Subsequent to the objections by Nationwide, the Georges filed their “Motion To Compel Discovery From Defendant Nationwide Mutual Insurance Company And Request for Mandatory Attorneys' Fees And Costs,” arguing that Nationwide Mutual's responses to the discovery requests were deficient, intentionally created to cause delay, done in bad faith, and calculated only to expand the proceedings in violation of the discovery rules. Nationwide Mutual responded and reiterated its previous objections to the requests.

      The circuit court, on October 9, 2008, entered an order (See footnote 4) titled “Order Pertaining To Plaintiffs' Motion To Compel Discovery From Defendant Nationwide Mutual Insurance Company.” Of relevance to the writ of prohibition proceeding currently before this Court, the circuit court found as follows:

              7. With regard to Request Number 8, Plaintiffs' Motion to Compel is GRANTED. Nationwide must completely respond to the interrogatory and requests for production but the Court believes a Protective Order is necessary concerning the “confidential settlements.” Also, concerning the request for production, if this matter has not already been resolved by the Court's December 11, 2007, Order, Nationwide must produce to Plaintiffs all other documents that it does not deem privileged.

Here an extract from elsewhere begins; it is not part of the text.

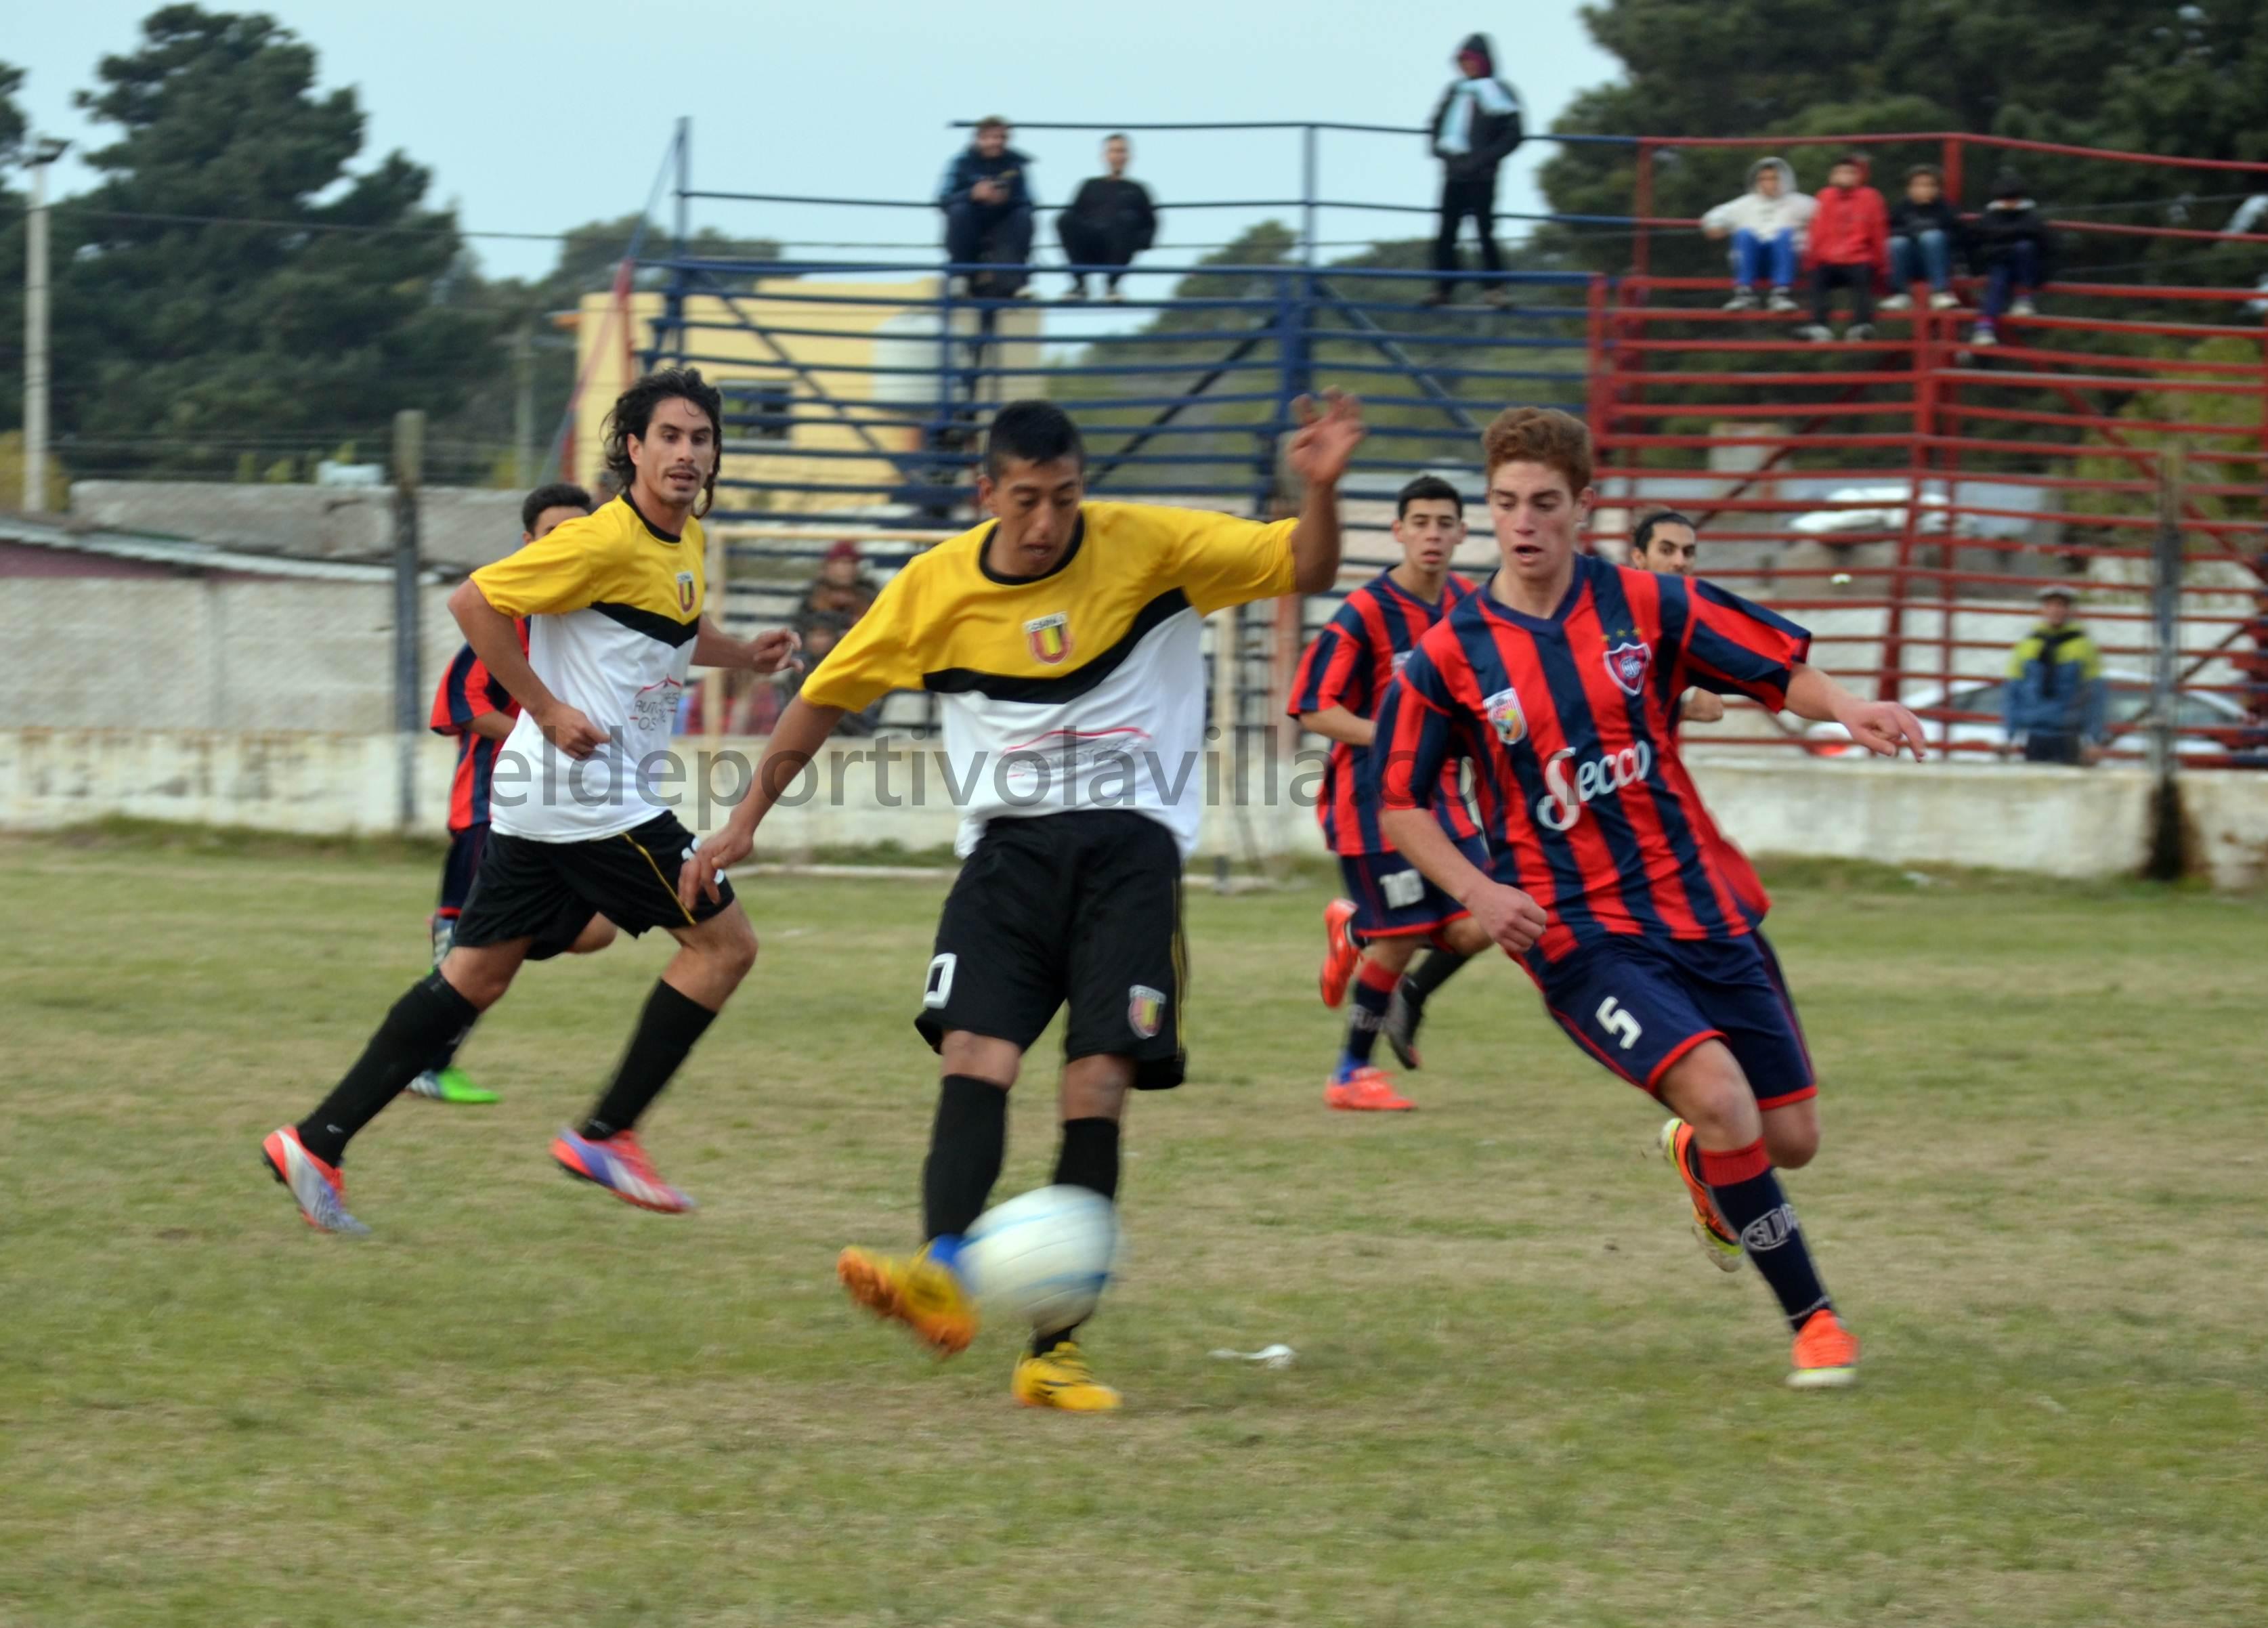 San Lorenzo Villa Gesell  76caac33c2e0f

Otherwise, Nationwide must promptly file a privilege log, with a copy submitted to Plaintiffs' counsel pursuant to State ex rel. Shroades v. Henry, 187 W. Va. 723, 421 S.E.2d 264 (1992). Nationwide must then produce all other documents it deems responsive to this request and privileged to the Court for in camera review.

                . . . .


              9. With regard to Request Number 10, Plaintiffs' Motion to Compel is GRANTED insofar as Plaintiffs' request is limited to the State of West Virginia. The Court also believes a Protective Order is necessary concerning the “confidential settlements.” Further, if this matter has not already been resolved by the Court's December 11, 2007, Order, Nationwide must produce to Plaintiffs all other documents that it does not deem privileged. Otherwise, Nationwide must promptly file a privilege log, with a copy submitted to Plaintiffs' counsel pursuant to State ex rel. Shroades v. Henry, 187 W. Va. 723, 421 S.E.2d 264 (1992). Nationwide must then produce all other documents it deems responsive to this request and privileged to the Court for in camera review.

Nationwide Mutual now seeks a writ of prohibition from this Court, arguing that the lower court exceeded its judicial authority in the October 9, 2008, order. While Nationwide Mutual's discovery objections were broad at the circuit court level, only one narrow issue is before this Court: whether the circuit court exceeded its authority when it ordered production of confidential settlement agreements during a discovery dispute. (See footnote 5)

II.
 
STANDARD FOR ISSUING A WRIT OF PROHIBITION


      This matter comes before this Court as a writ of prohibition. It has been stated that “'[p]rohibition lies only to restrain inferior courts from proceedings in causes over which they have no jurisdiction, or, in which, having jurisdiction, they are exceeding their legitimate powers, and may not be used as a substitute for [a petition for appeal] or certiorari.' Syl. Pt. 1, Crawford v. Taylor, 138 W. Va. 207, 75 S.E.2d 370 (1953).” Syl. pt. 3, State ex rel. Hoover v. Berger, 199 W. Va. 12, 483 S.E.2d 12 (1996). Further guidance is provided as follows:


              In determining whether to entertain and issue the writ of prohibition for cases not involving an absence of jurisdiction but only where it is claimed that the lower tribunal exceeded its legitimate powers, this Court will examine five factors: (1) whether the party seeking the writ has no other adequate means, such as direct appeal, to obtain the desired relief; (2) whether the petitioner will be damaged or prejudiced in a way that is not correctable on appeal; (3) whether the lower tribunal's order is clearly erroneous as a matter of law; (4) whether the lower tribunal's order is an oft repeated error or manifests persistent disregard for either procedural or substantive law; and (5) whether the lower tribunal's order raises new and important problems or issues of law of first impression. These factors are general guidelines that serve as a useful starting point for determining whether a discretionary writ of prohibition should issue. Although all five factors need not be satisfied, it is clear that the third factor, the existence of clear error as a matter of law, should be given substantial weight.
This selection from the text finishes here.